The experiments can be run from a single script executed at computer0. This script needs to connect to the other computers through SSH in order to run there servers and clients. It is necessary for the script to be able to access those computers without the user needing to type a password. Therefore, you need to setup an SSH public/private key pair that allows password-less access from computer0 to the other four computers.
In addition to that, the scripts expect in all the computers an account with the same user name.
Modern processors allow the operating system to dynamically chose the clock frequency at which they operate. In Linux this is usually done by cpufreq. Before running the experiments, remember to load the performance governor in order to set the processor always to its maximum frequency:
sudo cpufreq-set -r -g performance
After finishing the experiments, you can set the default governor again:
sudo cpufreq-set -r -g ondemand
At any moment, you can get information about the current governor with this command:
cpufreq-info
Note: the cpufreq commands above are in Debian and Ubuntu included in the package cpufrequtils. Install it if your system does not recognize those commands installed.

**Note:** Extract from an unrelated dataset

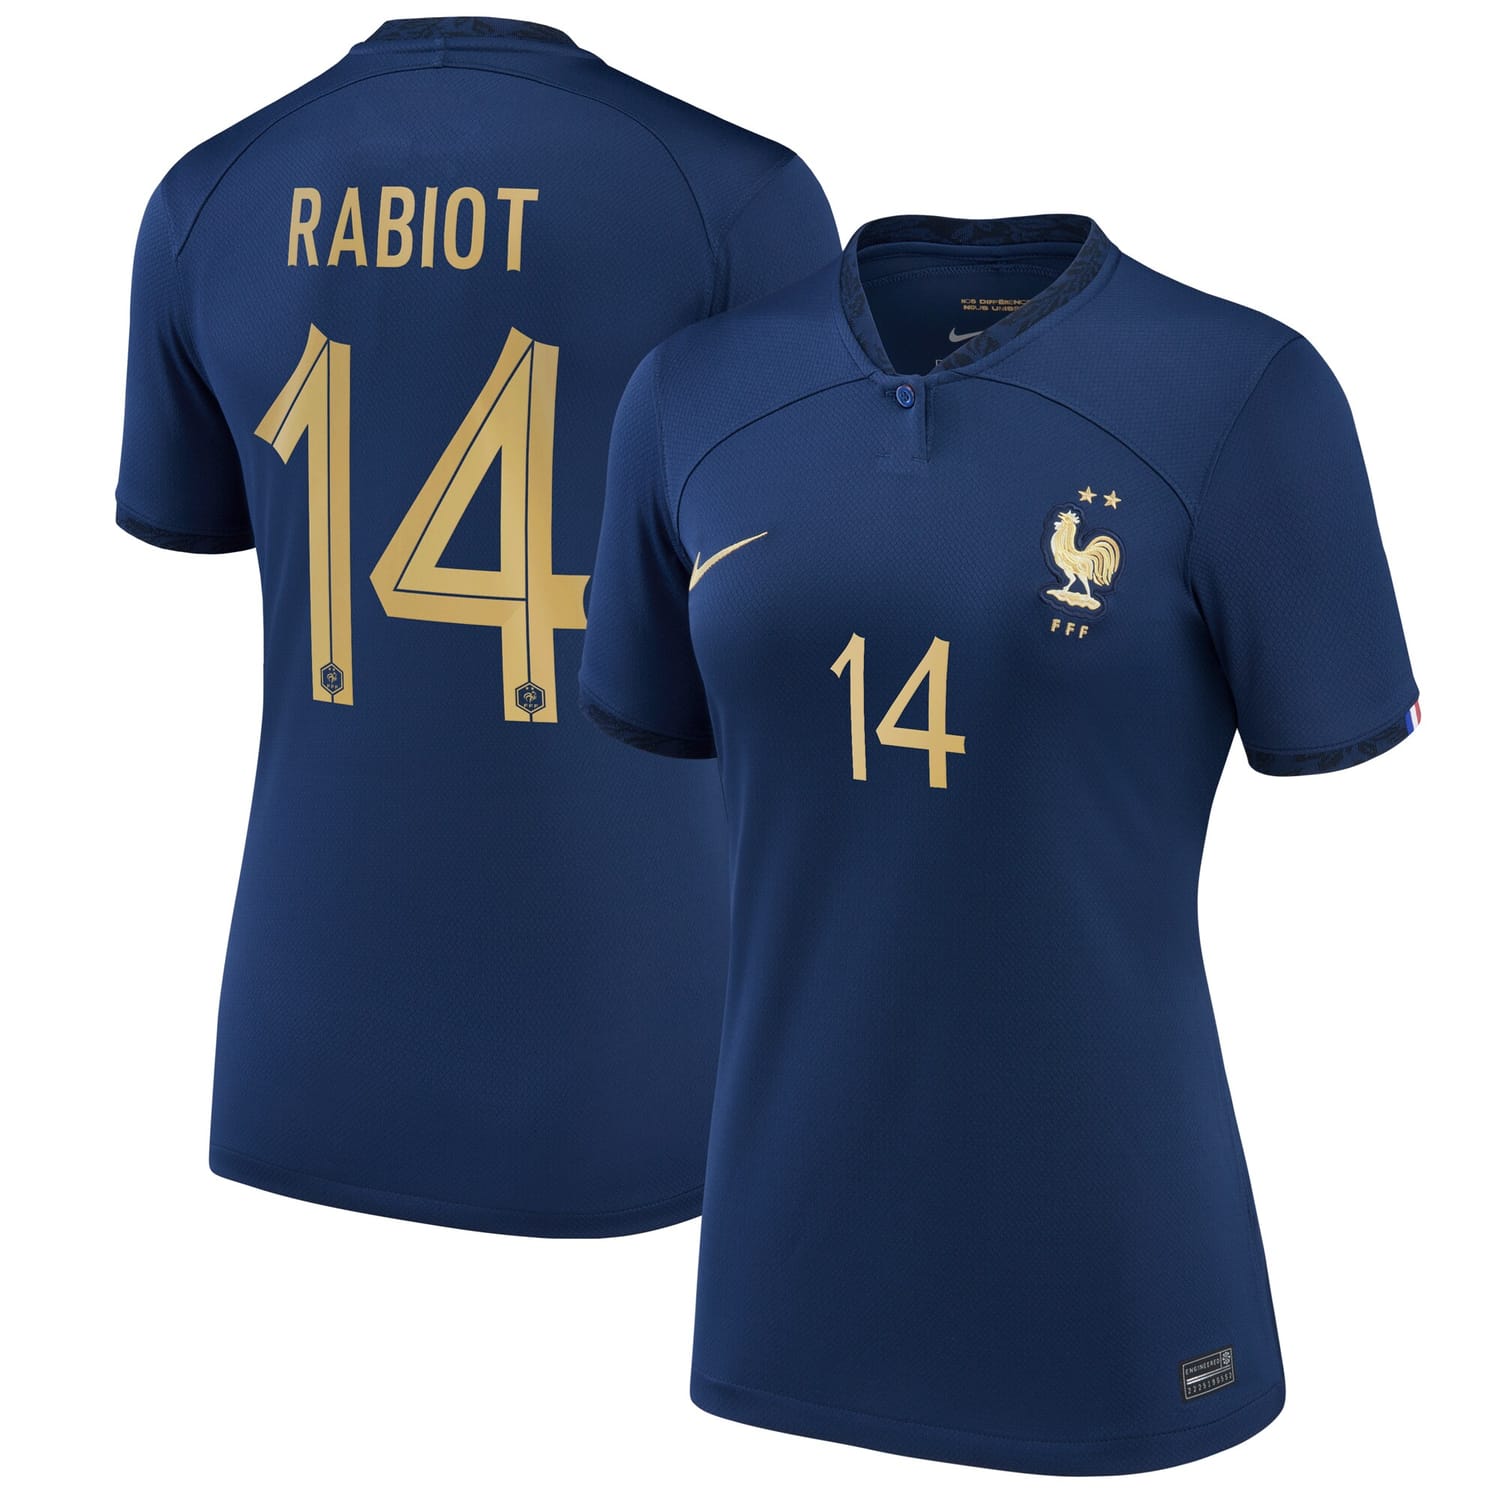 France National Team Home Jersey Shirt 2022 player Adrien Rabiot 14 printing for Women

In all the experiments, a server provides a stream of events. The events come from an event source that runs in the same computer as the server and sends the events via HTTP. A number of clients that listen to the stream is run from the rest of computers.
In the experiments we control the following configuration parameters, which we vary in order to measure their impact in performance:
Each individual experiment consists of three stages:
The following performance indicators are measured:
Given the limitations in the number of computers available for the experiments, we have to run many clients per computer. The script ztreamy.tools.many_clients that we include in the Ztreamy distribution runs an arbitrary number of clients from the same process. Each client has a separate connection to the server and receives its data through it. In one of the configurable modes of the script, only one of the clients actually parses the events. The other clients just read the data without processing it. This is done to save CPU resources in the computer that runs the script when the number of clients is large.
The source of events transmits the events that it loads from a file. For each round of a experiment, it begins with the first event of the file, then the second, etc.
In order to set up the computers for running the experiments, you'll need to run the same commands in several computers. You may find an SSH multiplexer, such as Cluster SSH, very useful for that:
sudo apt-get install clusterssh
You'll need to have installed in your computers the following required packages:
The basic GNU tools for C development (such as libc6-dev, gcc, etc.) In Debian and Ubuntu they can be installed through the package build-essentials:
sudo apt-get install build-essential
Java JDK 7 (you'll see in some places as JDK 1.7).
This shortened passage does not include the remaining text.